Die Namensgeberin des uns gemeinsamen Kontinents, er kaperte sie an Phöniziens
Gestaden, jenem Küstenstrich, in den sich heute Syrien und der Libanon
teilen. Mit anderen Worten, das Mädchen war
nicht nur Trophäe, erotische Beute, geraubte Gespielin des jungen Bullen.
Die Schöne kam von der anderen Seite, vom gegenüberliegenden Meeresufer
— aus dem Morgenland. Ihre Heimat
lag am äußersten Westrand desjenigen Erdteils, den man seither als Asien
kennt.
Hören wir, wie der Mythos ihrer Entführung
in Ovids eleganter Version aus den "Metamorphosen"
klingt. "Und wen sie beschwert da, nicht ahnend / Wagt sich die Königsmaid
auf den Rücken des Stieres zu setzen. / Plötzlich der Gott lenkt den Schrift
seiner täuschenden Füße / Fort vom trockenen Ufer, vom Land in die vordersten
Wellen." Drüben angekommen, davon schweigt
Ovid sich aus, tat der Gott mit ihr, was er am allerliebsten tat,
und überließ sie dann ihrem weiteren Schicksal.
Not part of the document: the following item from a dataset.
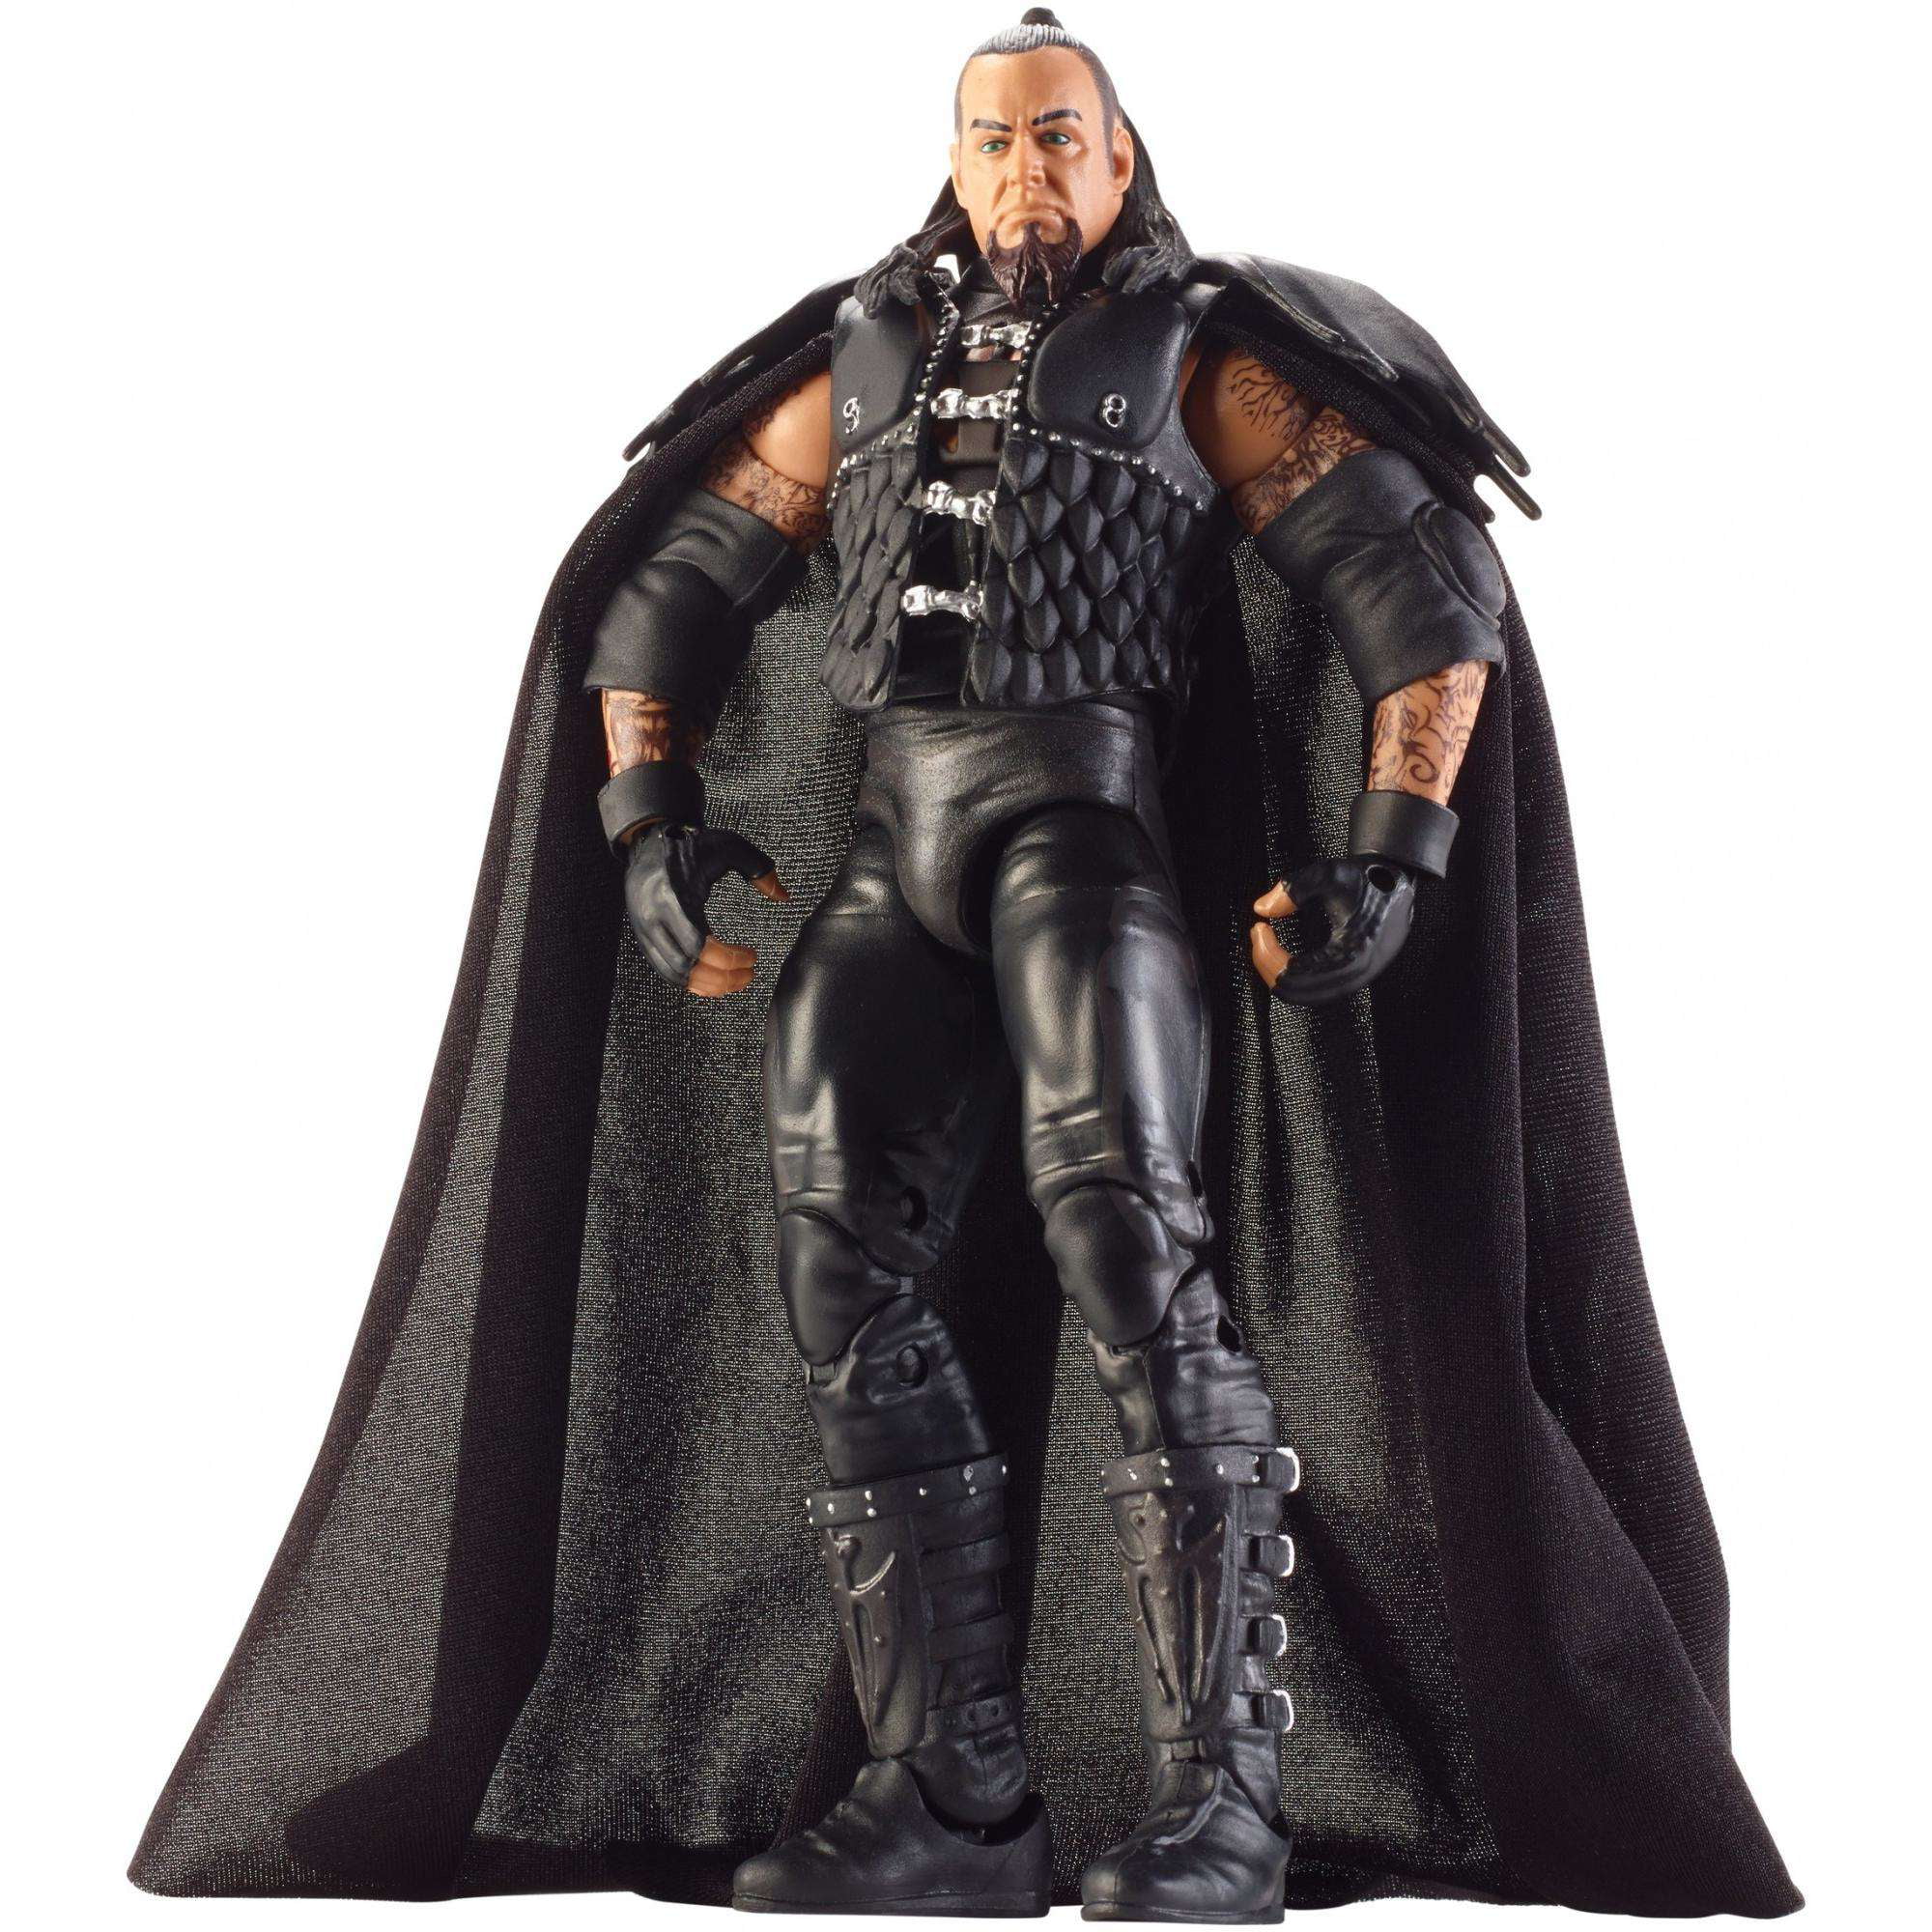 defining moments undertaker action figure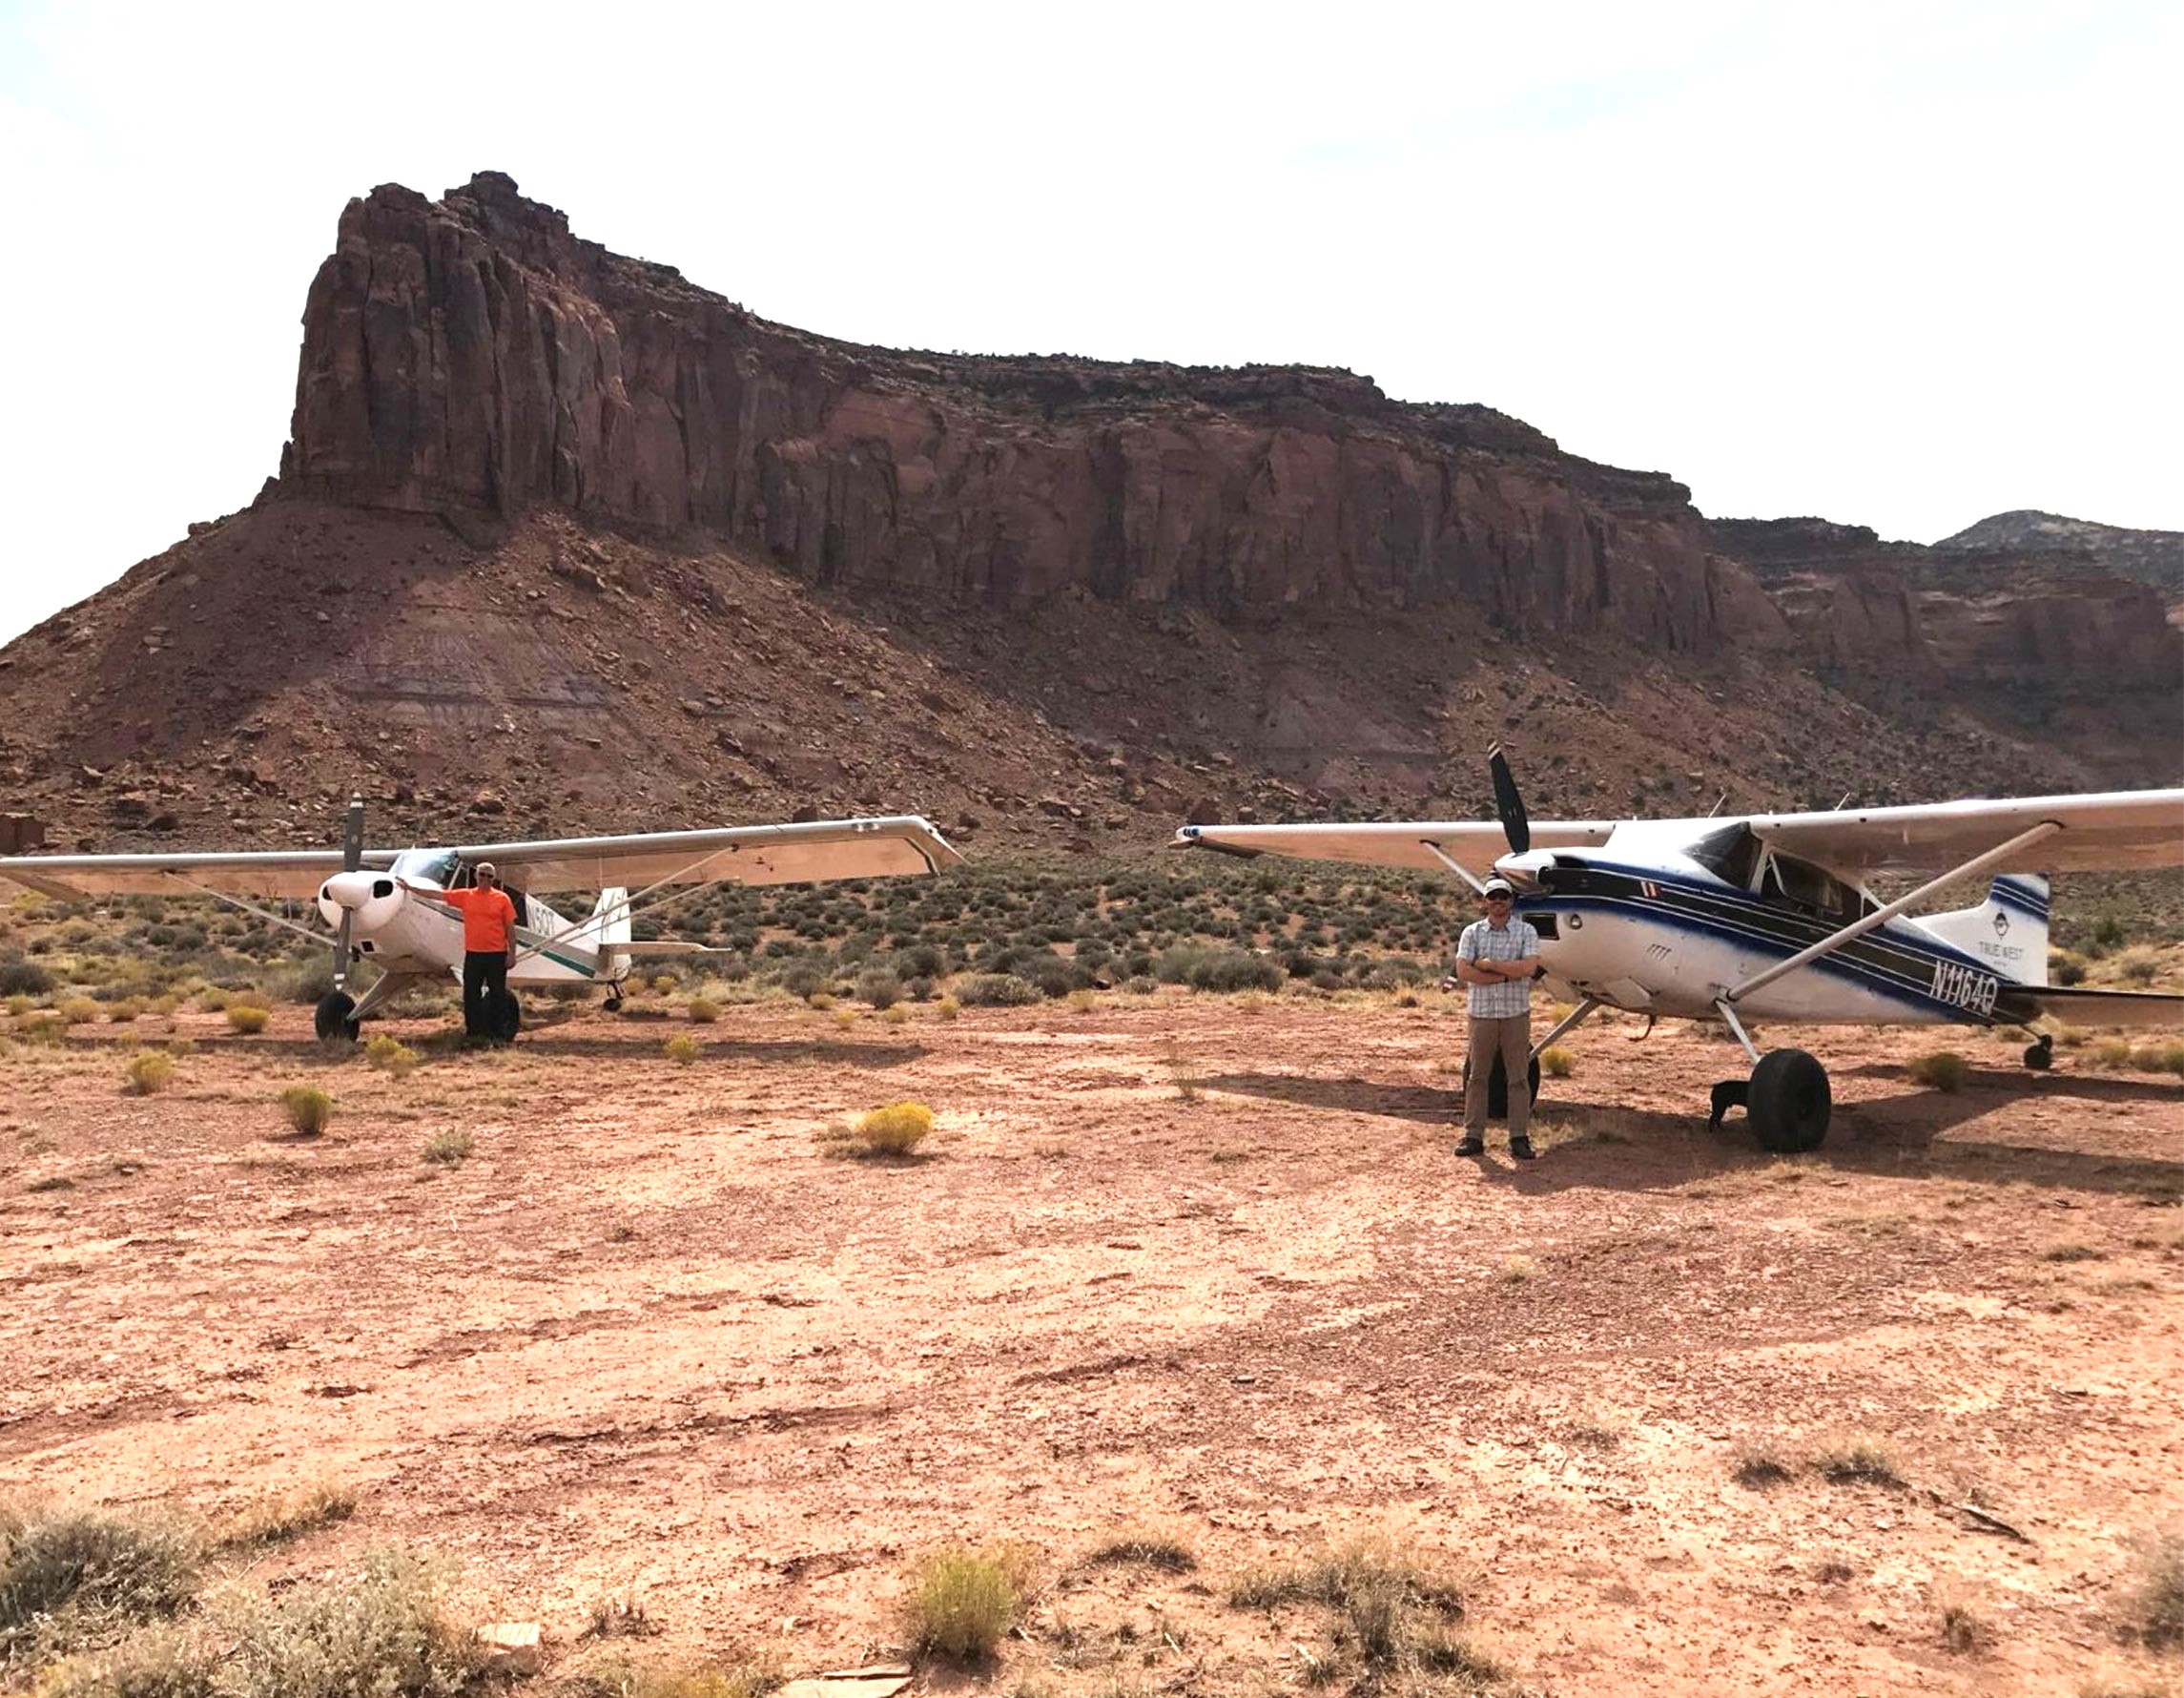 Backcountry airplanes

Es sei dahingestellt, ob
der jungen Dame die Nominierung zum Playmate eines
ganzen Kontinents ausreichend Trost war für Entführung, Vergewaltigung
und schließlich ein Leben im Exil. Fest steht nur, dass ihr Fall eine überraschende
Wende nahm, die zum Musterbeispiel dafür wurde, wie man Markenzeichen lanciert.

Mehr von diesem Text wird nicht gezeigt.